Più vicina la clausola di salvaguardia per il riso italiano
L’Ente Nazionale Risi ha chiesto a Bruxelles l’approvazione della clausola di salvaguardia per proteggere il nostro prodotto dall’aggressività competitiva di Cambogia e Myanmar
di Cristiana Persia
Con 219 mila ettari di superficie utilizzata nel 2017, 4109 aziende produttrici e 92 imprese agroalimentari dedicate alla sua trasformazione, il nostro Paese si conferma il primo produttore di riso dell’Unione europea , con più del 50% dei terreni a coltura rispetto a tutti gli altri Stati. Dopo di noi – con grande distacco – la Spagna con circa 100mila ettari destinati a questo prodotto.
Il tutto per un volume d’affari che porta ai nostri risicoltori proventi per circa 450 milioni di euro l’anno, mentre fa confluire nelle tasche dell’industria dedicata ricavi che superano il miliardo di euro.
Un prodotto che ci vede dunque sul podio in Europa e trova in primis il gradimento degli stessi italiani, che hanno modo di apprezzare il riso come uno degli ingredienti più diffusi – dall’antipasto fino al dolce – di molti dei piatti più identificativi della nostra tradizione enogastromica.

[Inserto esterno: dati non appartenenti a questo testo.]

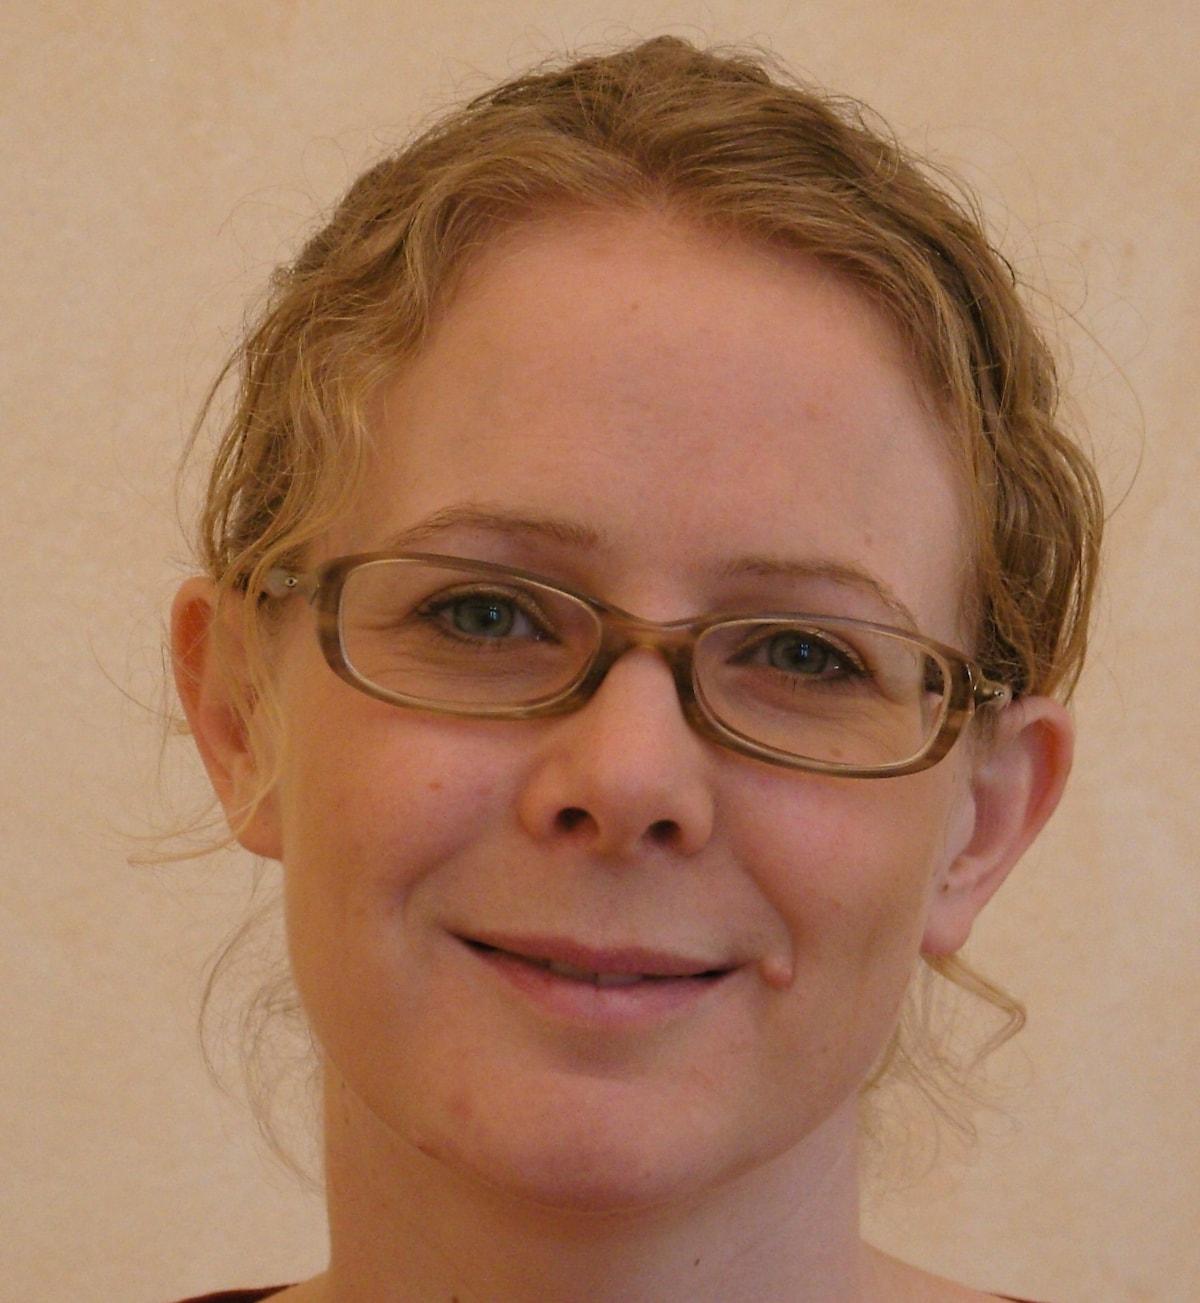 Sonja from Bremen

Eppure il settore – come sottolineato nell’intervento di oggi in Commissione Agricoltura a Montecitorio da Paolo Carrà e Roberto Magnaghi, rispettivamente presidente e direttore generale dell’Ente nazionale Risi – è dal 2009 che sta soffrendo di una gravissima crisi strutturale, dovuta principalmente alla concorrenza delle importazioni a dazio ridotto provenienti da Paesi come Cambogia e Myanmar. L’introduzione di queste merci (risultato di un accordo siglato da Bruxelles per favorire le economie di questi Paesi asiatici gravemente condizionati dalle condizioni economiche anche nel loro sviluppo democratico, favorendoli attraverso l’importazione di prodotti agricoli contingentati a dazio zero) ha tuttavia fortemente destabilizzato il mercato nazionale, incidendo sia nella produzione risicola e nei prezzi di mercato, nonché sulla stessa preferenza espressa nelle scelte dei consumatori allettata da costi inferiori. Basti pensare, fa osservare Magnaghi, che il prezzo medio del risone all’ingrosso per la campagna 2014-2015 si aggirava intorno ai 402 euro per tonnellata, mentre nel 2017 questo era precipitato a 292 euro, creando una situazione quasi insostenibile per i produttori nazionali e non solo. In Italia ciò ha significato, ad esempio, l’abbandono delle coltivazioni di riso Indica per quasi il 50% degli appezzamenti dedicati a questa tipologia.
Sulla base di queste considerazioni l’Ente Risi è quindi riuscito – in coordinamento con i colleghi spagnoli – ad ottenere l’attenzione di Bruxelles circa la possibilità di introdurre la clausola di salvaguardia per il settore.
Se approvata, questa misura permetterebbe di bloccare le importazioni a dazio zero dai Paesi asiatici per un periodo di circa tre anni, offrendo così un periodo di tregua al comparto per ristrutturarsi e affrontare eventualmente meglio la concorrenza.